Não sei se você entendeu o que eu quis dizer até aqui. Talvez tivesse sido melhor se fosse uma canção e não um texto. Mas música também é texto e a melodia eu deixo com você. Você pode estar num bom momento e sentir-se inspirado pelas minhas palavras. Pode achá-las confusas e dispersas ou até mesmo melancólicas e depressivas. Eu senti várias coisas escrevendo, muito embora eu estivesse em silêncio. A inspiração veio antes, caminhando e ouvindo música. Primeiro numa playlist, depois, no aleatório... Aleatoriedade... algoritmo... recomendações. Como eu disse, uma música sempre leva a outra. Nem sempre é uma escolha, nem sempre é bom. Nem sempre dá pra voltar atrás.

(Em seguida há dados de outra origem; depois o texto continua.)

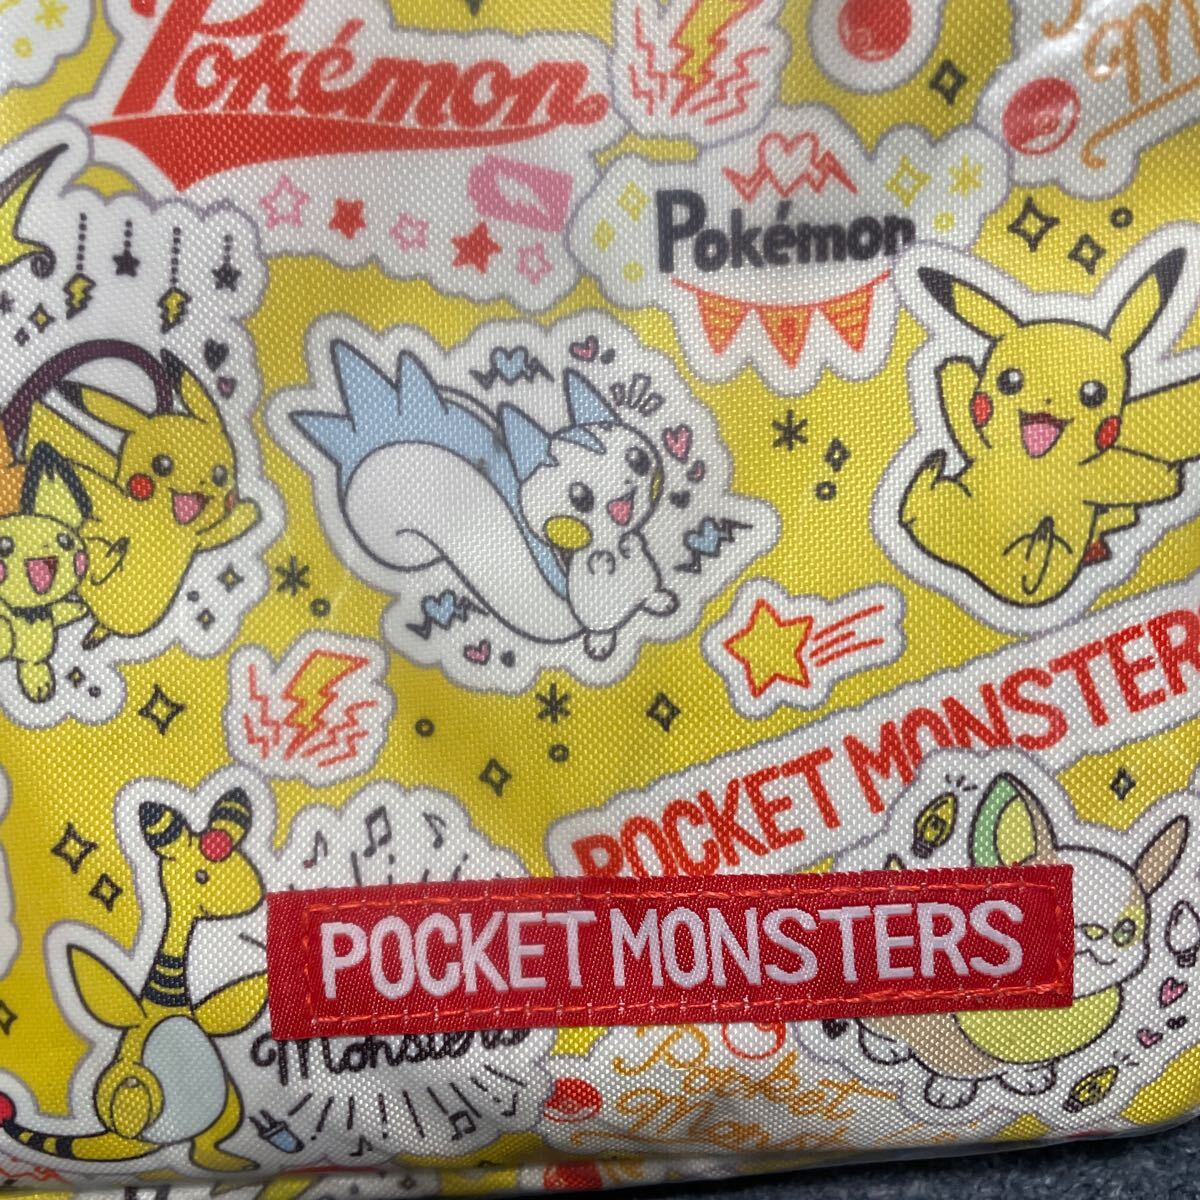  Pocket Monster premium рюкзак

E os surdos? - poderiam me perguntar. Música é vibração. Sei que Beethoven continuou a compor mesmo depois da perda auditiva. Mas também fico me perguntando o que o silêncio deve lhes falar. Às vezes o silêncio é ensurdecedor. O silêncio é necessário entre uma faixa e outra, justamente para separá-las e proporcionar-lhes a individualidade. O silêncio nunca é realmente absoluto. Como eu disse, som é vibração... enquanto houver algo vibrando e alguém capaz de ouvir, aos seus ouvidos, isso será algum tipo de música. Não sei de que qualidade, não sei se valerá a pena. Se nem todos ouvem, não direi que ouvir é viver. Direi que viver é sentir. E se isso passa pela música, agradável surpresa.